With AI, the first question is how to unleash its full potential, and as Jason Hardy, CTO for AI at Hitachi Vantara, suggests, a mantra from the earliest days of computing still holds true: Garbage In, Garbage Out. In ‘Fixing foundations and futureproofing spend: Why AI’s future depends on data integrity,’ he will examine how flawed, fragmented, or siloed data undermines AI performance, illustrating that high-quality, well-governed data is the most important factor in delivering reliable, real-world outcomes.

Over the event’s first day, the impact of AI will be explored in a host of different contexts, including the design of smarter workspaces and elevated customer experience. Equipping modern environments for enhanced productivity and collaboration is the focus of ‘Smarter Spaces, Stronger Connections,’ where London Business School’s Briony Barham and Neat’s Microsoft MVP Graham Walsh will demonstrate how the latest collaboration technologies are transforming workplaces into smarter, more connected environments.

In ‘Future-proof your workspaces: How Cisco transformed its London office,’ Cisco’s David Direito Campos provides a real-world example of how workspaces can address both the challenges of hybrid work and the potential of AI. On the customer experience side, ‘Designing intuitive and accessible customer journeys with human-centered AI‘ guides attendees through the ways in which generative AI and voice assistants can help organisations to keep pace with rapid change without overwhelming teams or sacrificing customer experience.

Risk and reward

Building cyber resilience: Aligning risk reduction with past, modern and future threats‘ is just one of the many presentations that focus on security, in this case demonstrating how organisations prioritise cybersecurity investments to reduce risk, from facing traditional attacks such as exploits or social engineering, to emerging attack vectors deploying AI, deepfakes, or quantum capability. 

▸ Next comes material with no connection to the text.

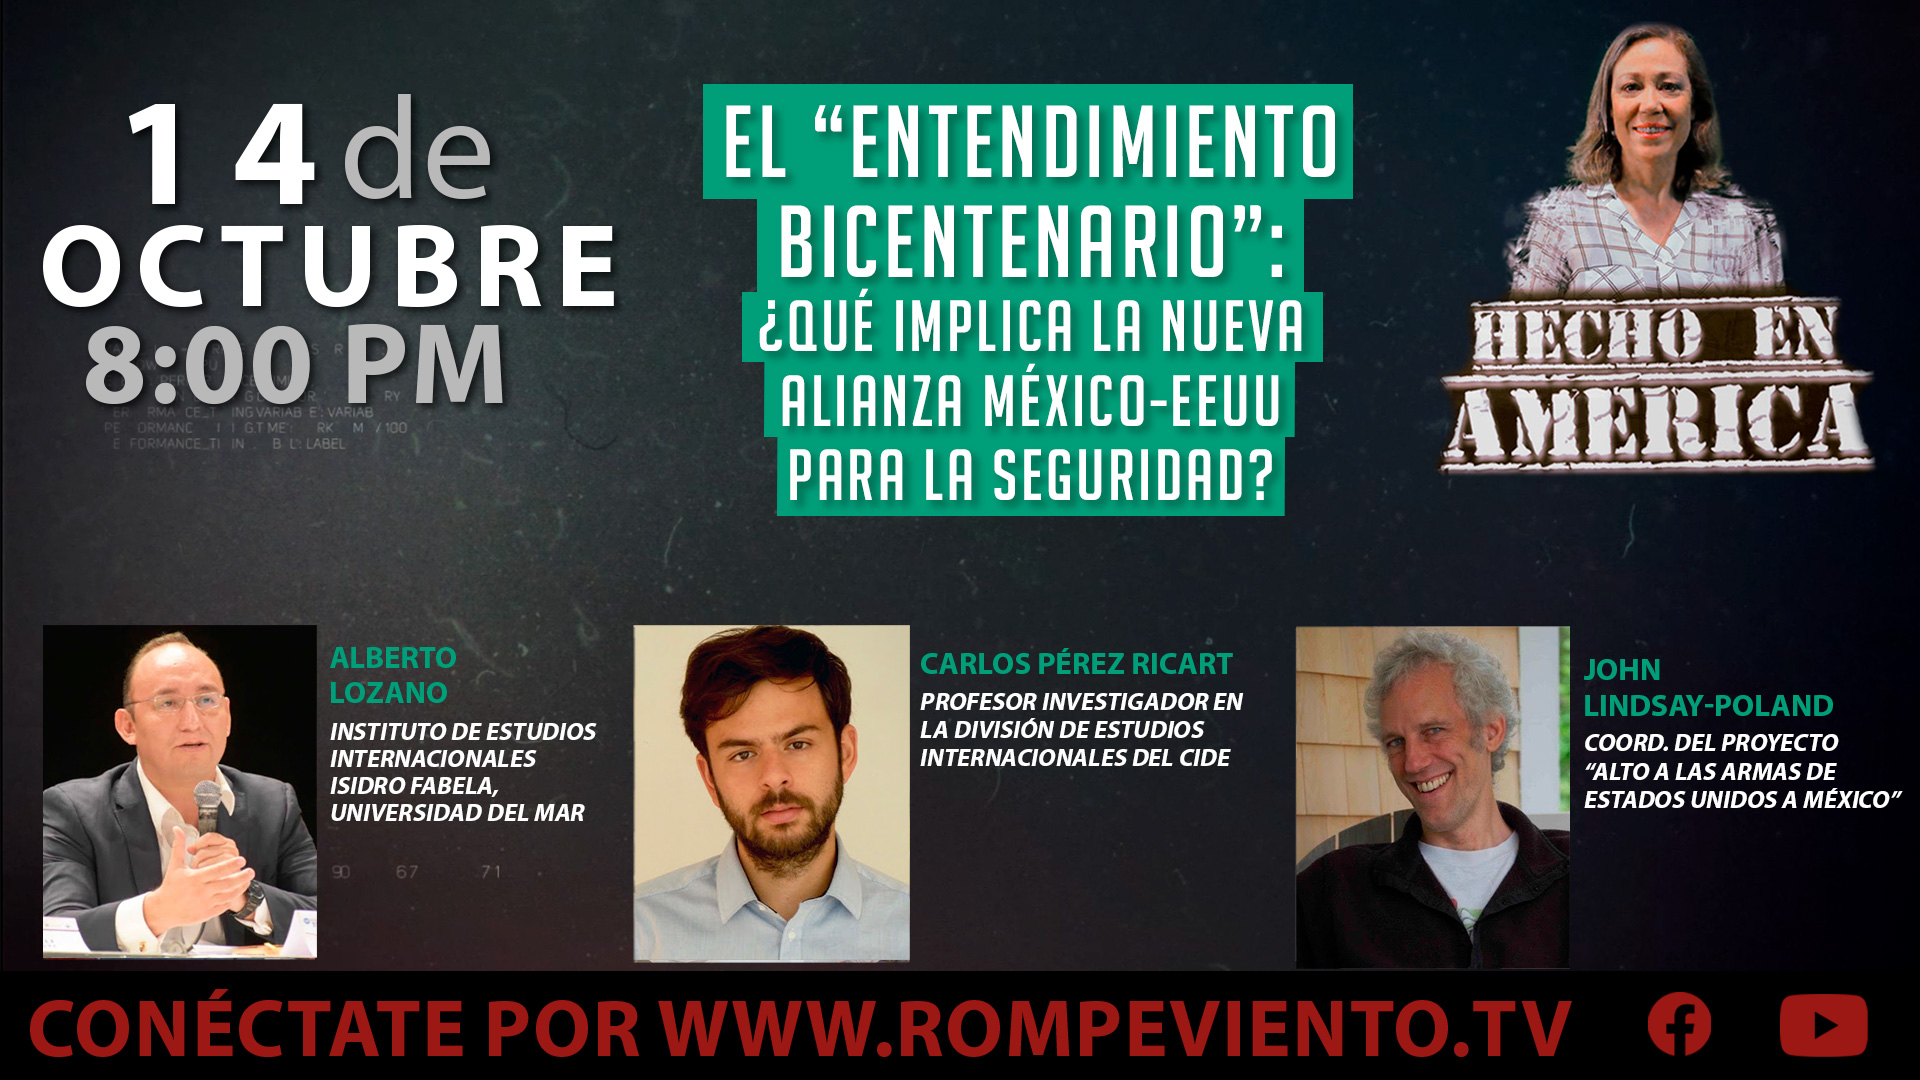 El Entendimiento Bicentenario ¿Qué implica la alianza México-EEUU en seguridad? - Hecho en América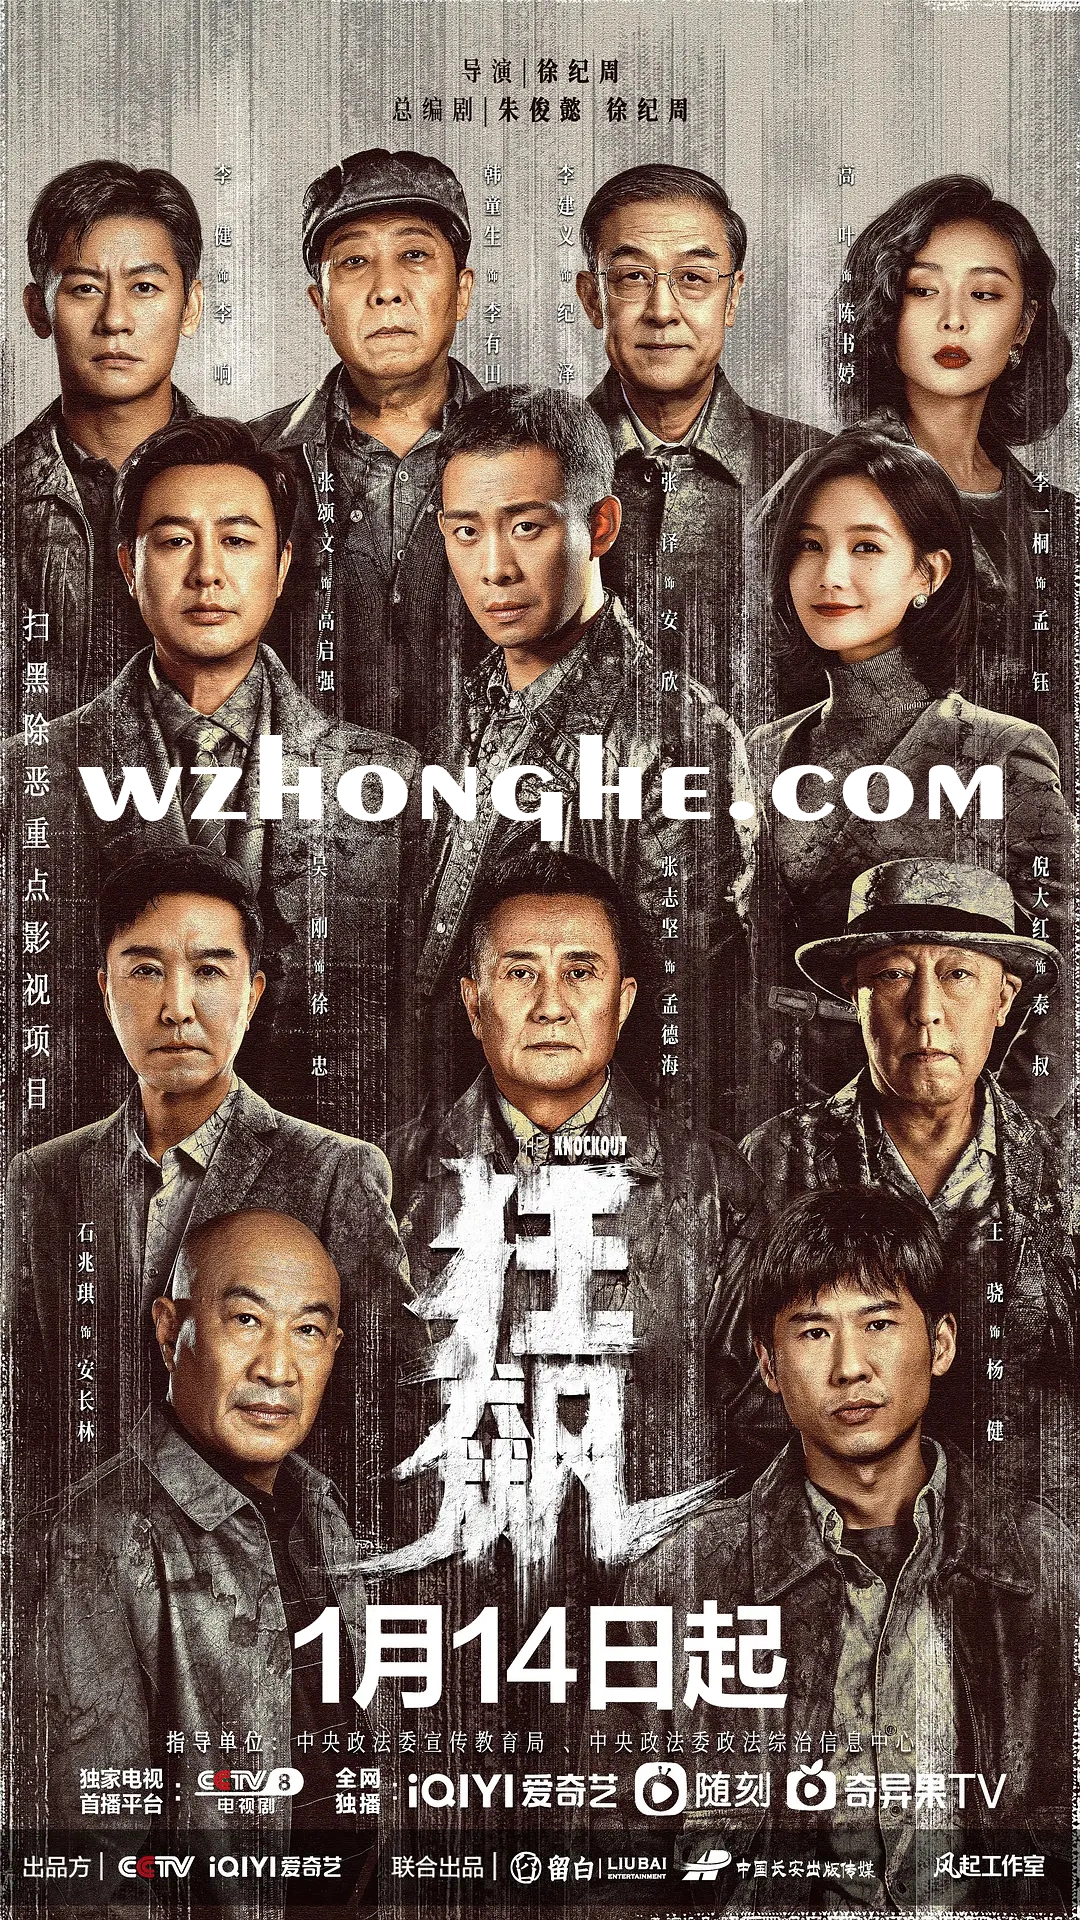 《狂飙》- 无中和wzhonghe.com

And if the packed agenda for day one is not enough, Thursday promises more, with Alexander Martin, UK Editor of The Record, giving AI a reality check in ‘AI’s reckoning: Separating hype from reality‘; Jonathan McKenzie, Principal Product Manager of 8×8, how conversational AI transforms can usher in seamless, self-service experiences in ‘From Friction to Flow: Reimagining CX with AI‘; and consultant Marc Ellis leading a panel on regaining visibility and control of the software supply chain in ‘Hidden threats in your pipeline: Who really owns security?

Whatever your organisation’s priority, be it safety or setting a new standard in customer experience, DTX has the right expertise at hand.

DTX London 2025 is being held at the ExCel Centre, London, from 1 to 2 October 2025.